18:22:38 <zere> yup. at this point we're not finding any more bugs. i'm never really happy with the state of any code, but i think it should be merged and we'll clean up any bugs which fall out when other people start using it.
18:23:11 <apmon> I'll try my best to get around to looking at it in detail this week. But if the two of you think it is thoroughly tested and are happy with it, then I think that should be good enough
18:24:20 <zere> awesome. please do have a look at it. anything that you think needs making clearer, commenting better, just say so and we'll try to get it in as good shape as possible
18:25:31 <pnorman> I'm sure there are regressions somewhere - osm2pgsql is too complex to not have them, but at this point, we can't find them, and the overall level of bugs is down with all the stuff we did
18:27:57 <apmon> If people start complaining about broken stuff, at least we then know where our test coverage is lacking...

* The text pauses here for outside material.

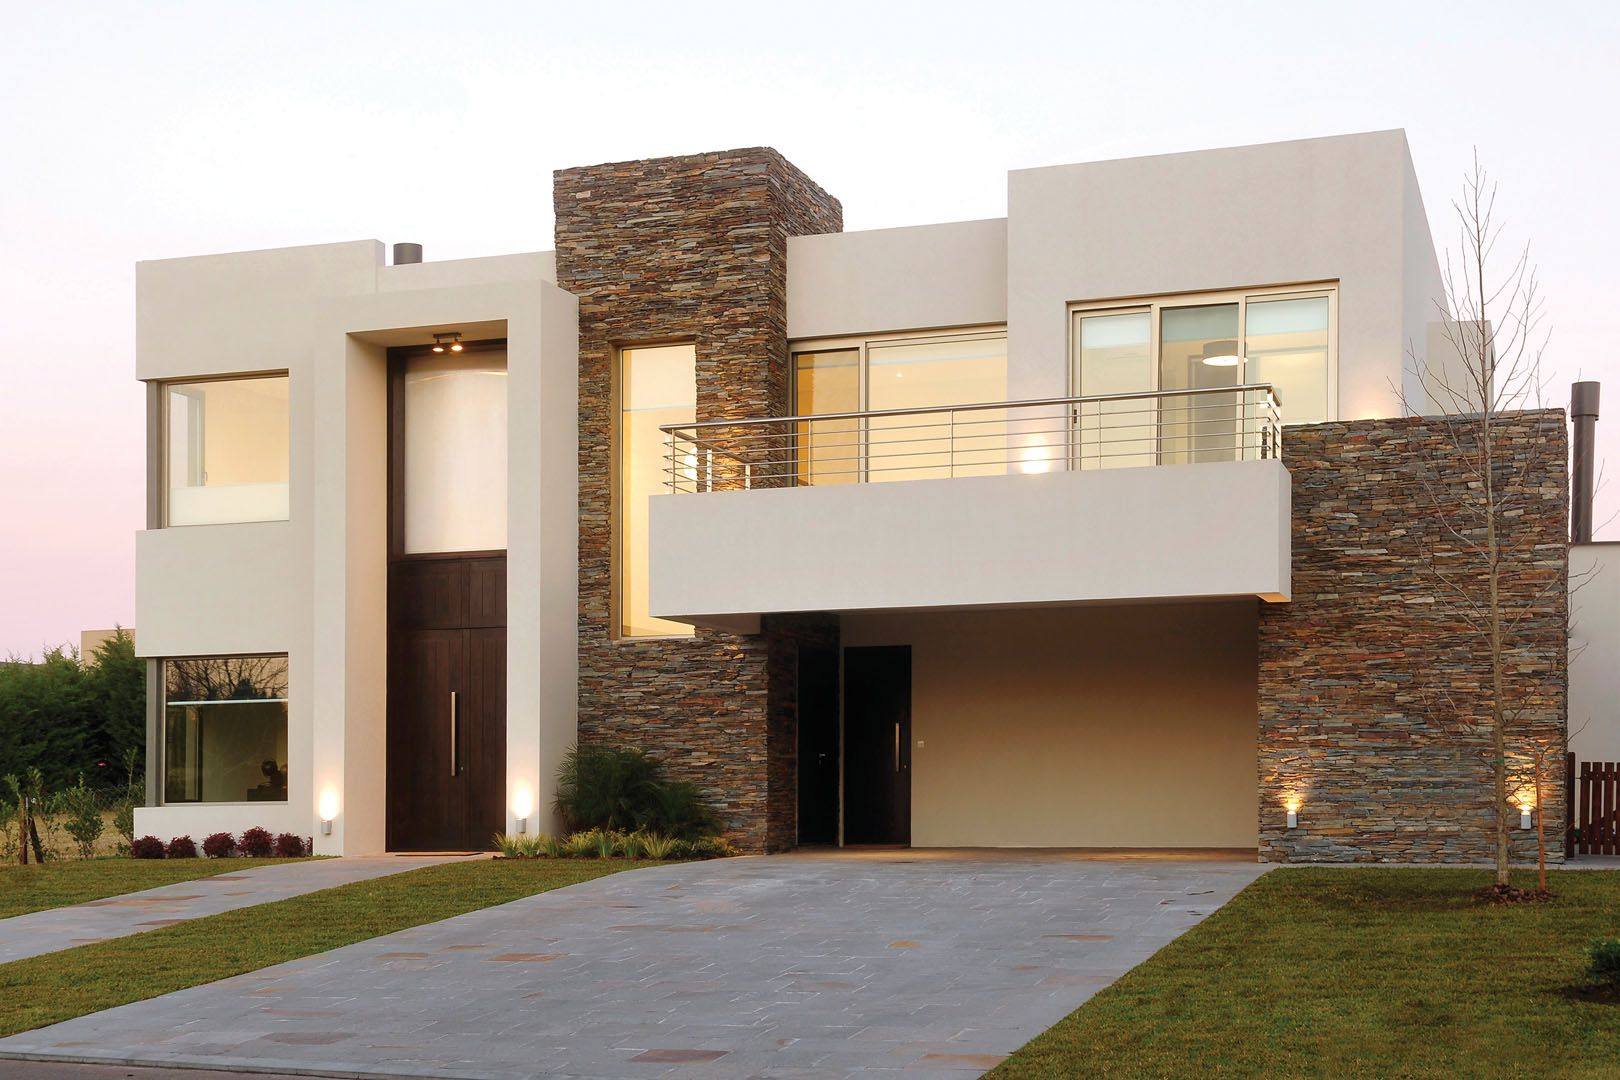 Fern ndez borda arquitectura fachadas puertas y piedras Pisos para exteriores de casas modernas

18:28:06 <zere> indeed :-)
18:28:17 <zere> #topic AoB
18:28:19 <apmon> I suspect, a big issue might be the build system?
18:28:33 <pnorman> We've got it building on CI, but not `make check`
18:28:50 <zere> well, we've stayed with autotools. and `make check` should work
18:29:00 <apmon> so as long as it compiles, hopefully it gives correct output, but it might be that a bunch of systems where it used to compile now longer does without fixes?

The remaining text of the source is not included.